*** INPUT FOR THIS TASK Section Begins ***
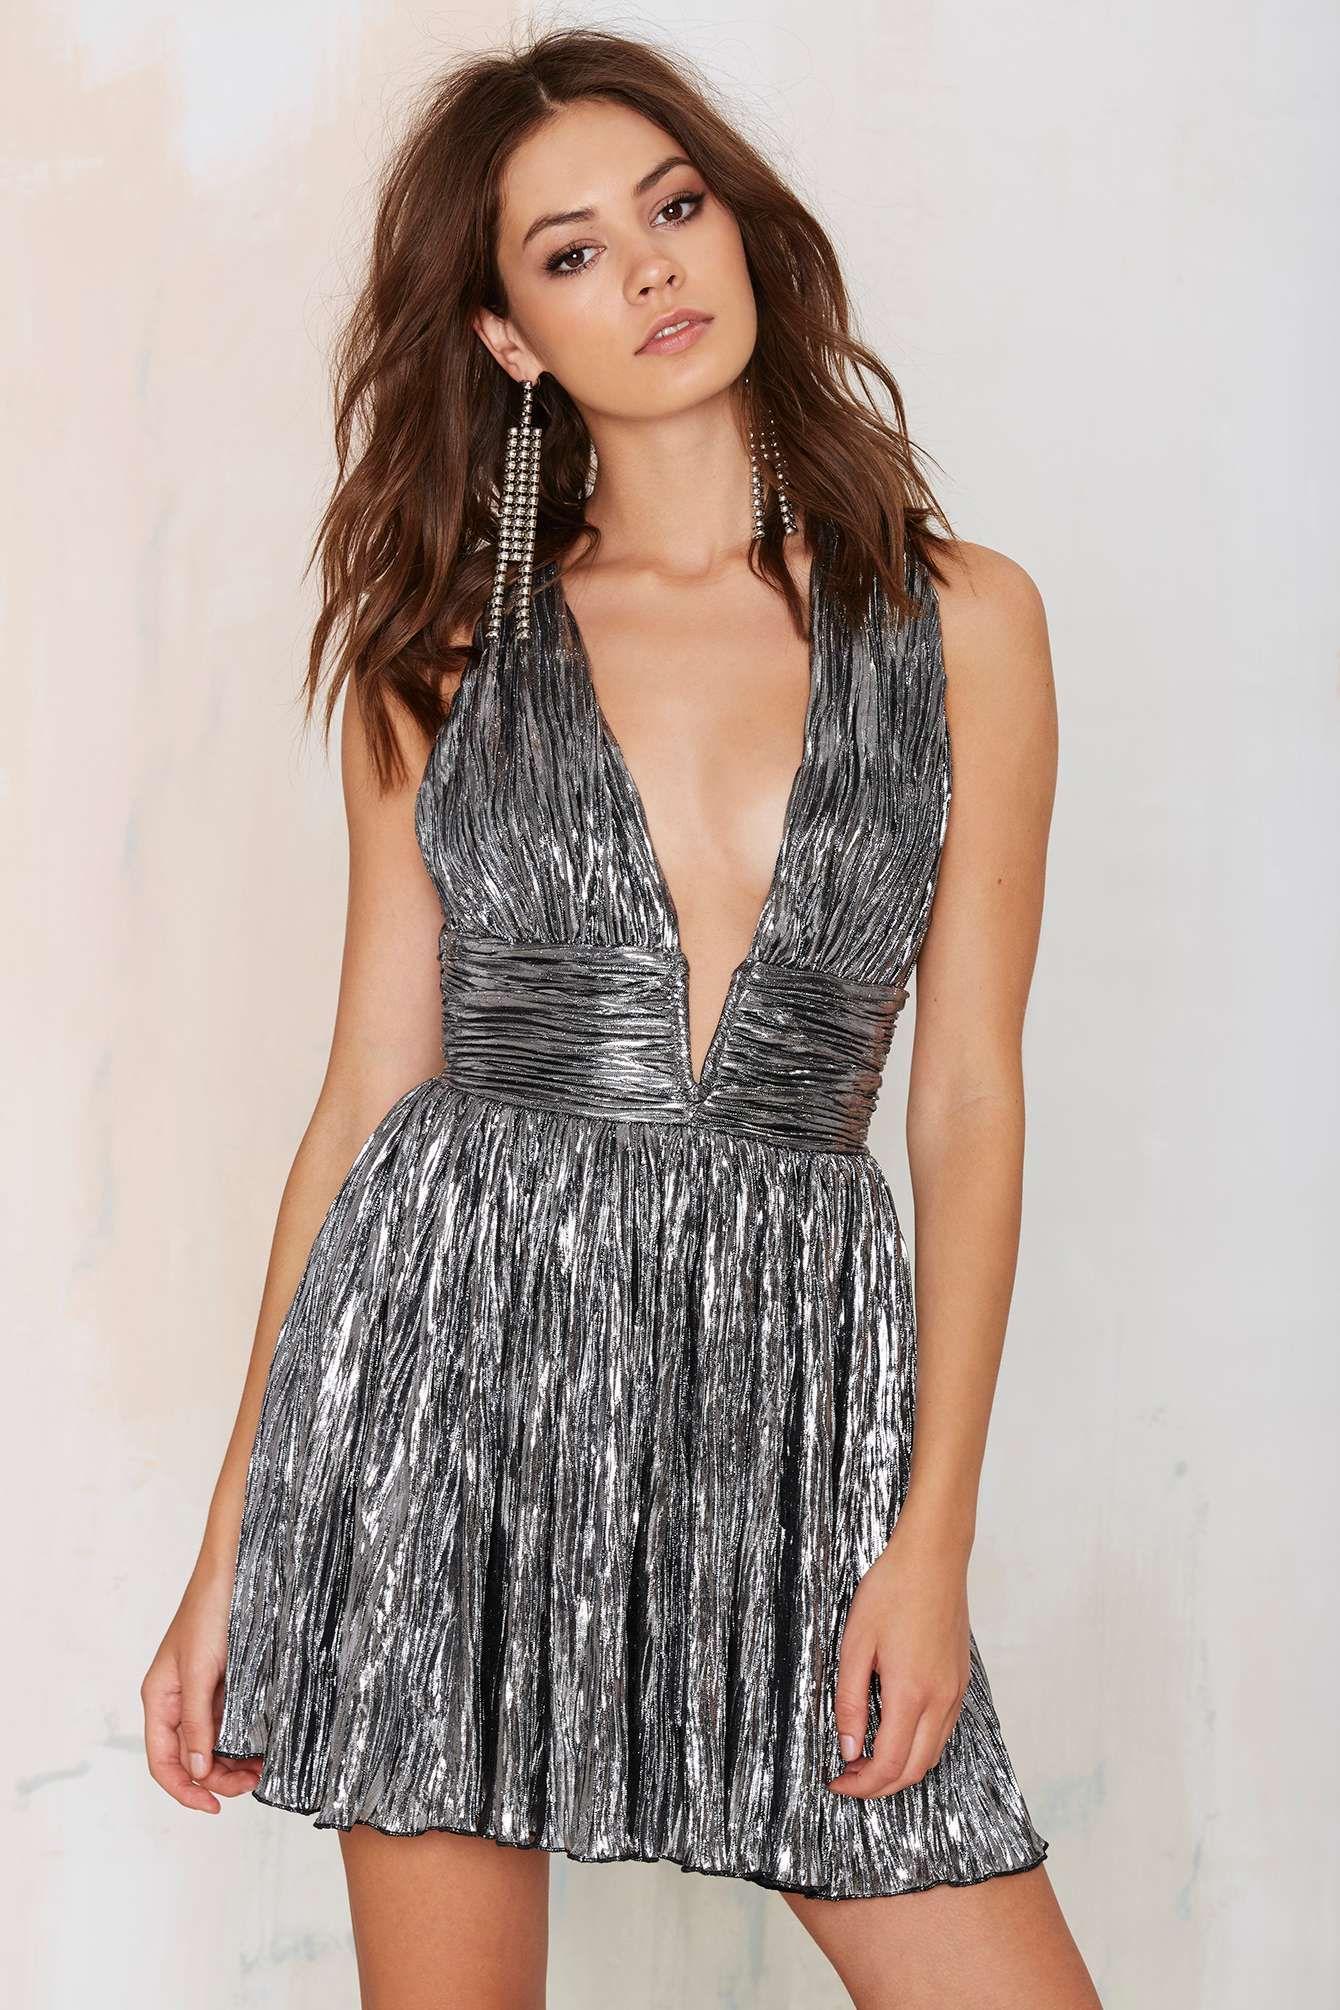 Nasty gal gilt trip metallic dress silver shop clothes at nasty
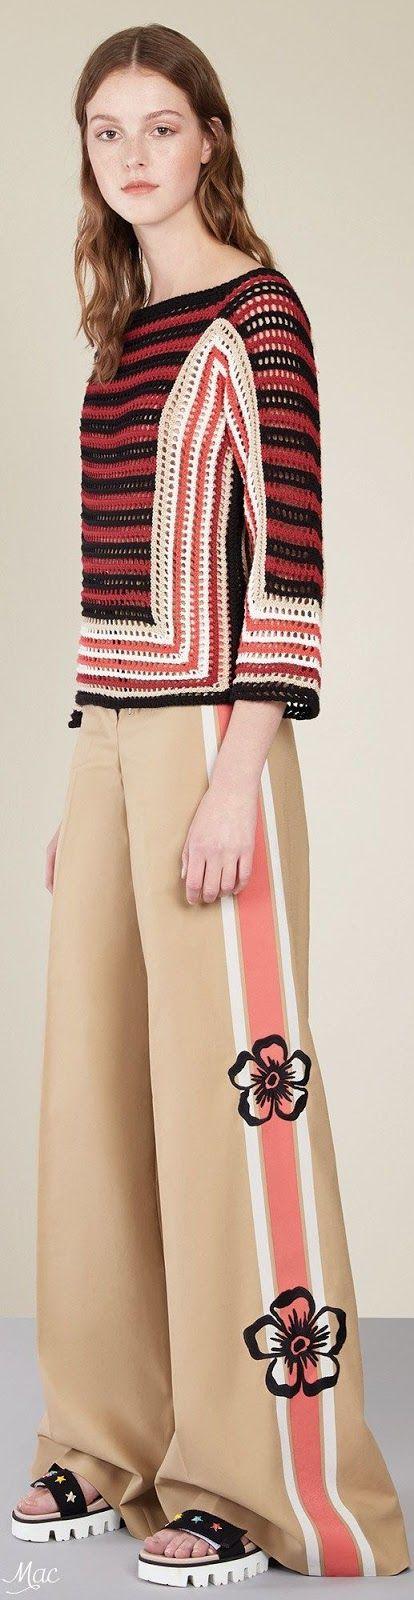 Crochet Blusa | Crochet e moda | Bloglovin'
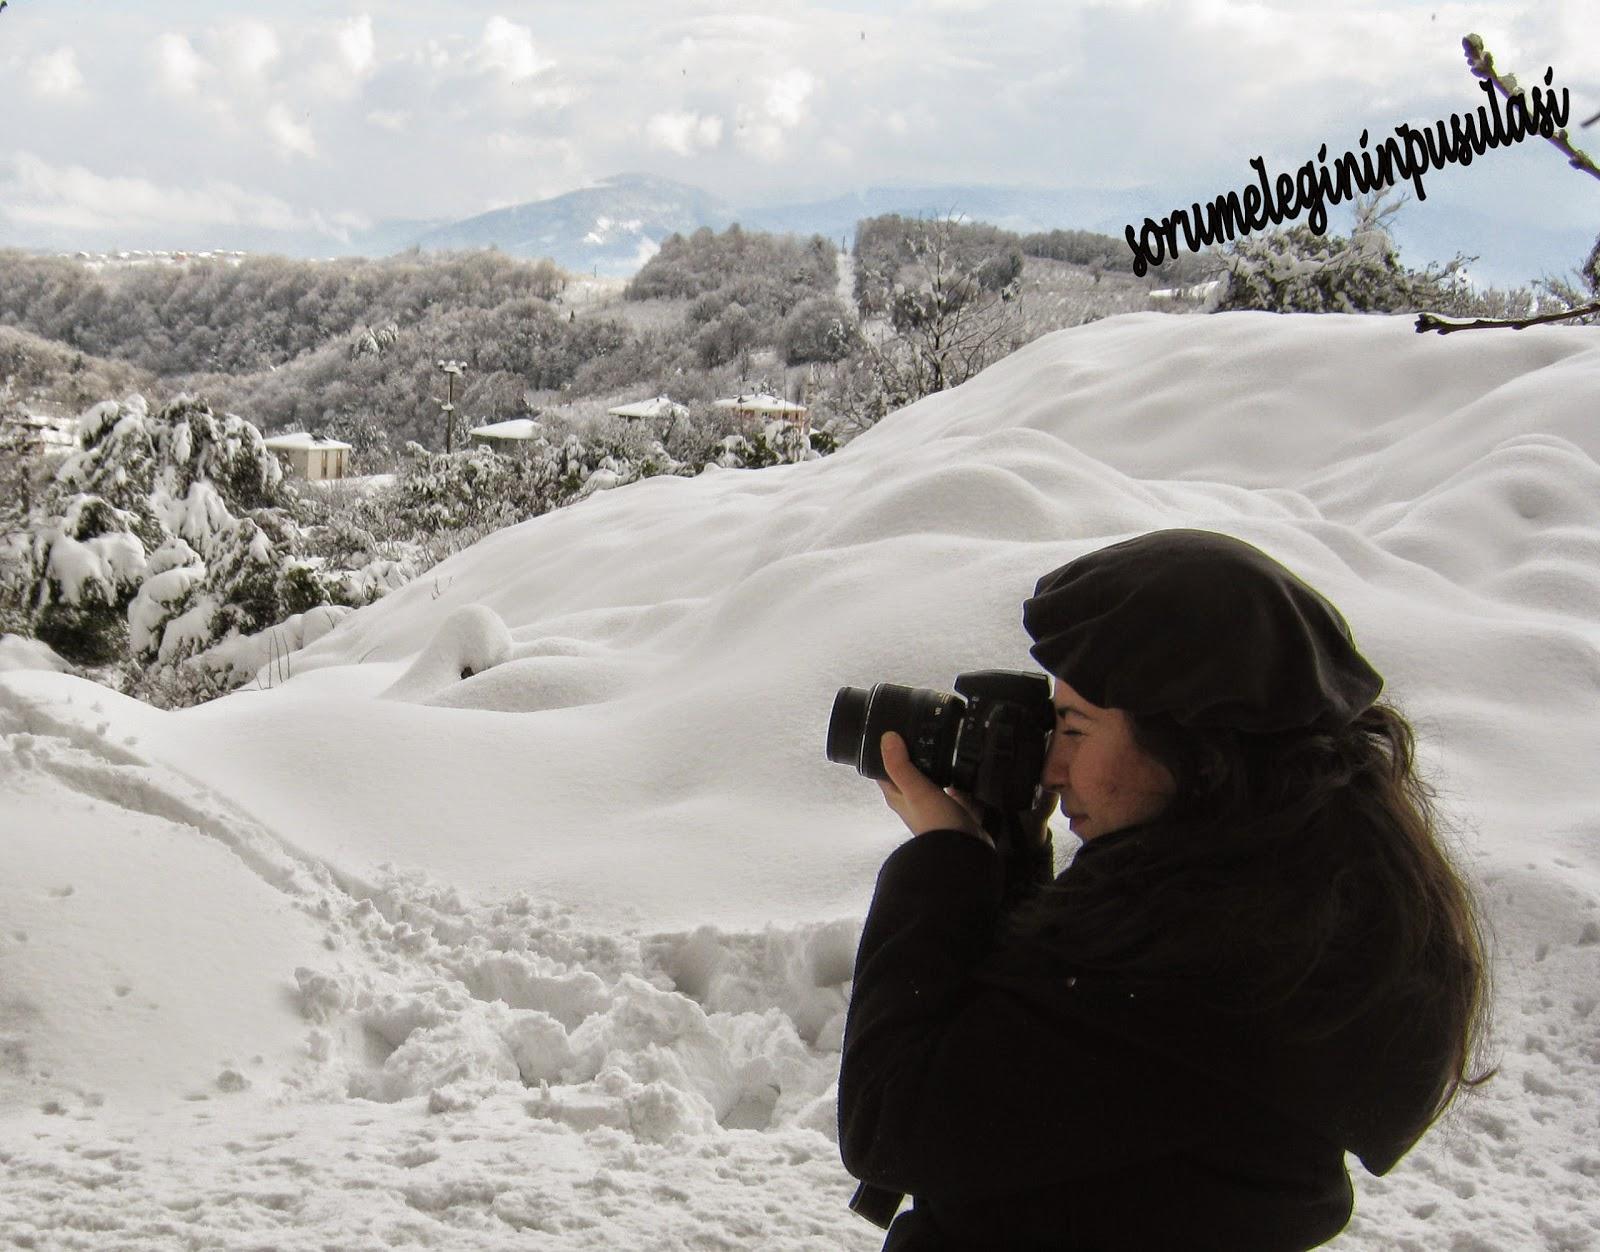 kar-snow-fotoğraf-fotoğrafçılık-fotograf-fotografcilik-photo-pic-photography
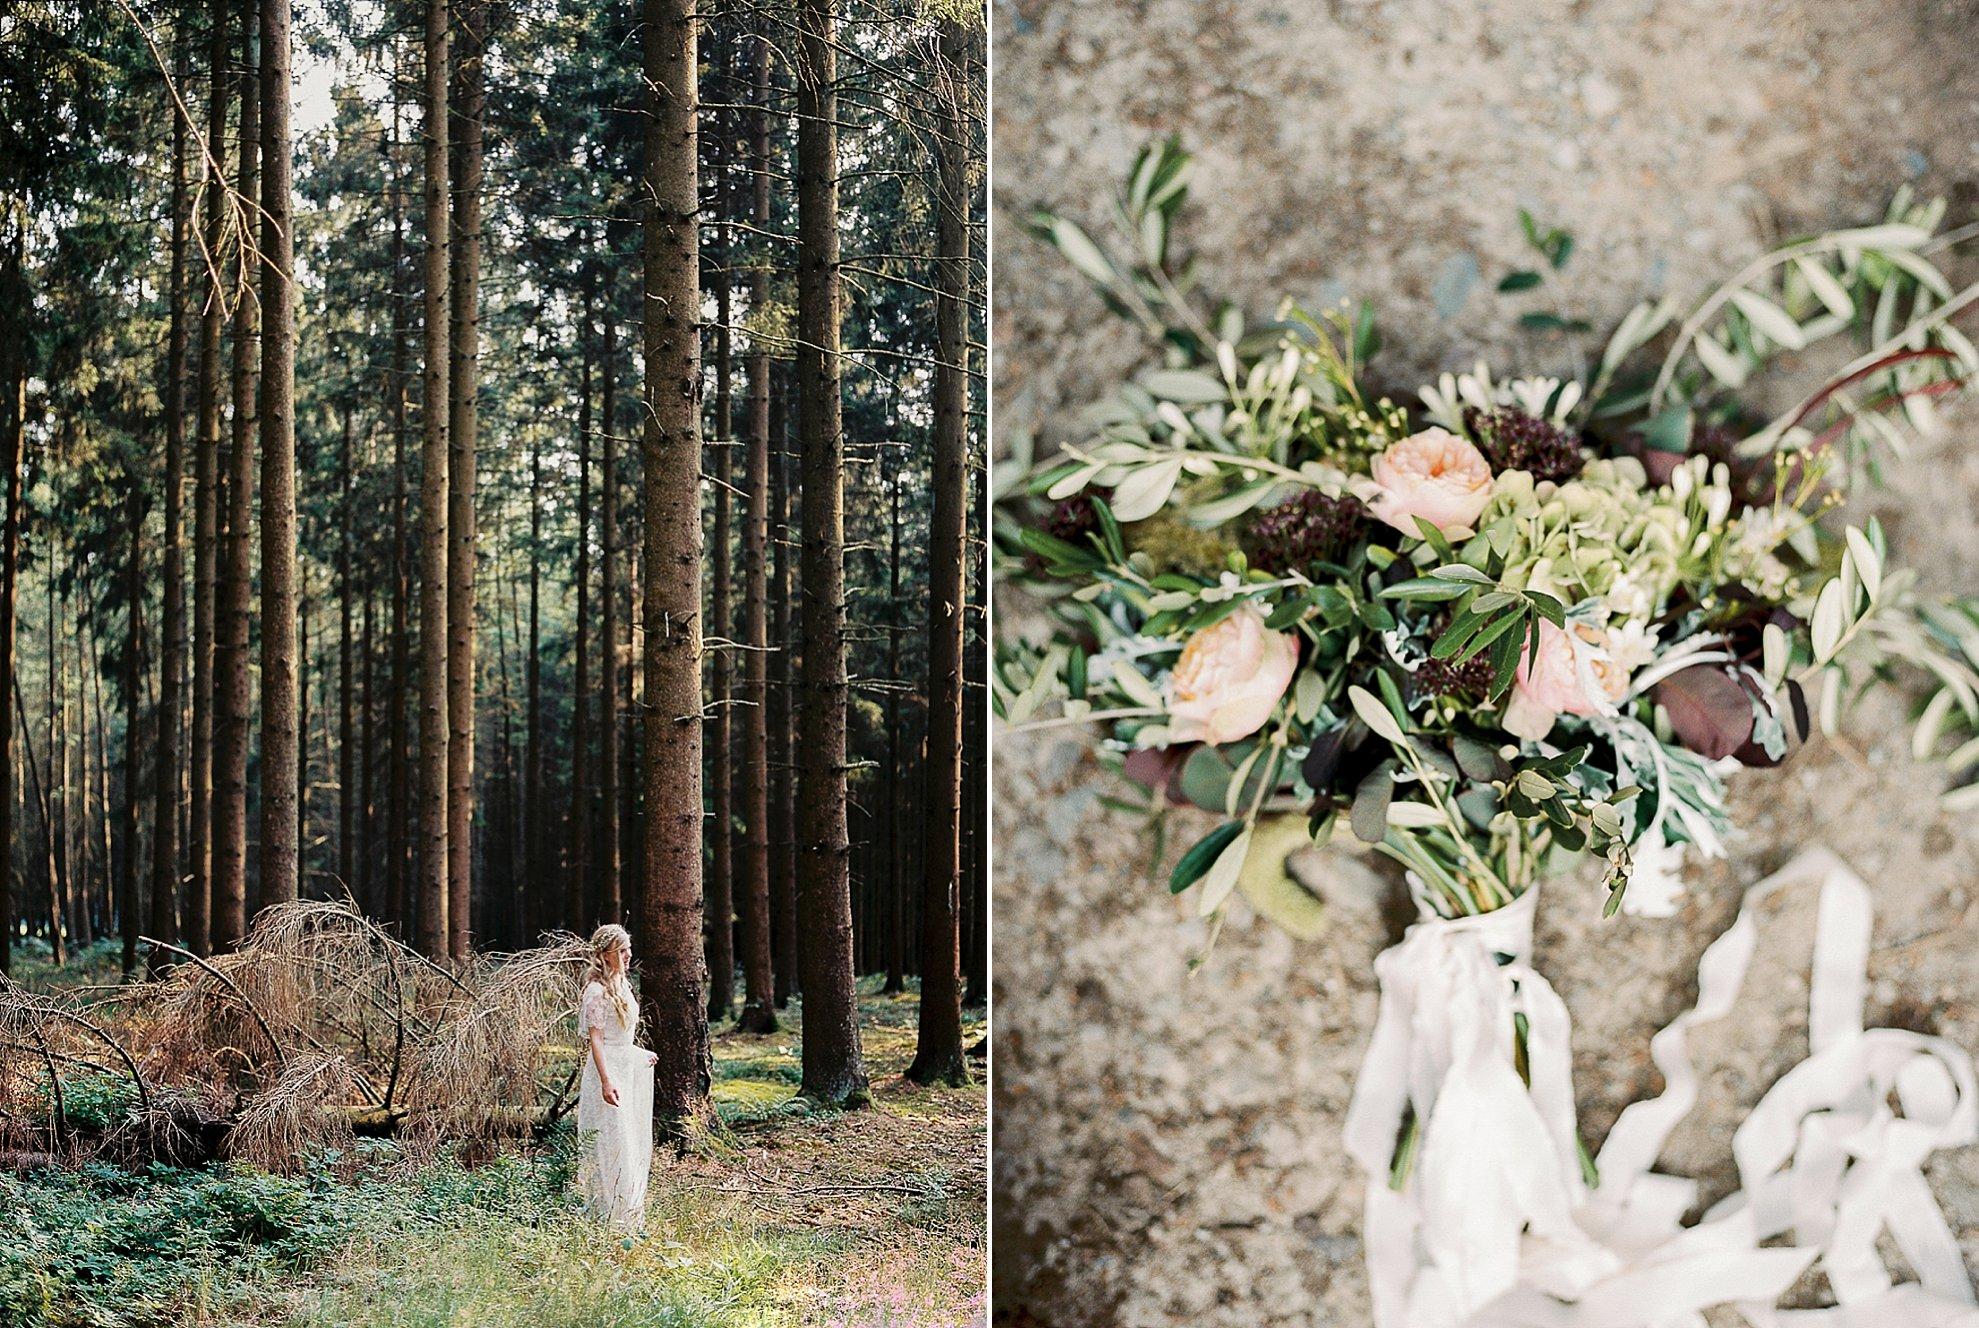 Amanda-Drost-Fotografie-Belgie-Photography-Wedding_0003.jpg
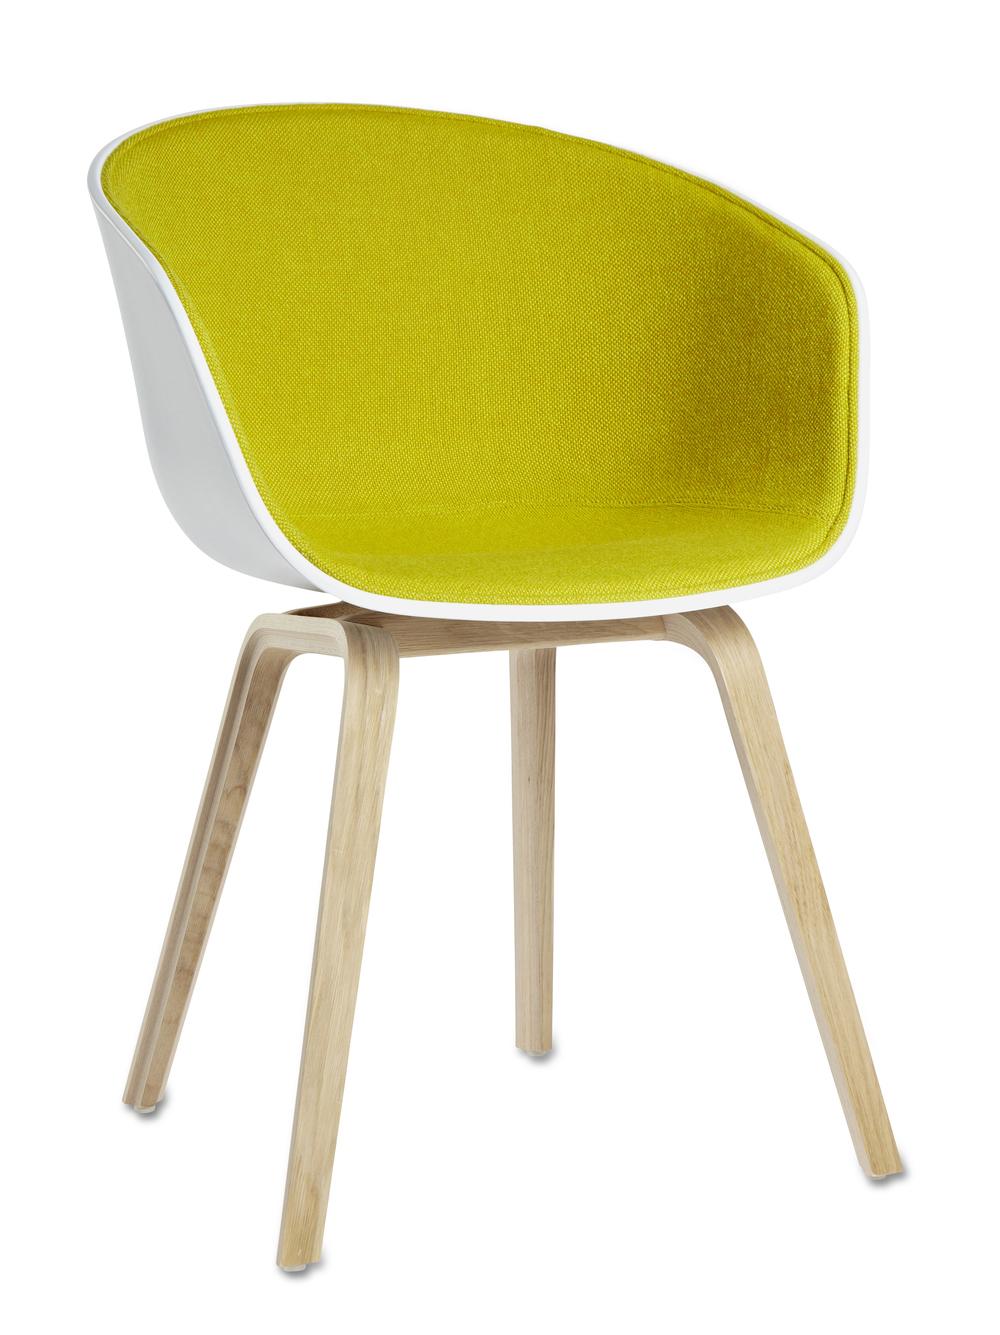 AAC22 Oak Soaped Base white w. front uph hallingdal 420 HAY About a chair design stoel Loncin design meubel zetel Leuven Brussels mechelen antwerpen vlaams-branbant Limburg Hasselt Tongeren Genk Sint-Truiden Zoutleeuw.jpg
*** INPUT FOR THIS TASK Section Ends ***
• **WORK INSTRUCTIONS**
In the listing above, find the line with "Crochet Blusa | Crochet e moda | Bloglovin'" and the line with "Amanda-Drost-Fotografie-Belgie-Photography-Wedding_0003.jpg". Set down both and every line between them, minus the pictures.

• **SOLVED EXERCISE**
 Crochet Blusa | Crochet e moda | Bloglovin'
 kar-snow-fotoğraf-fotoğrafçılık-fotograf-fotografcilik-photo-pic-photography
 Amanda-Drost-Fotografie-Belgie-Photography-Wedding_0003.jpg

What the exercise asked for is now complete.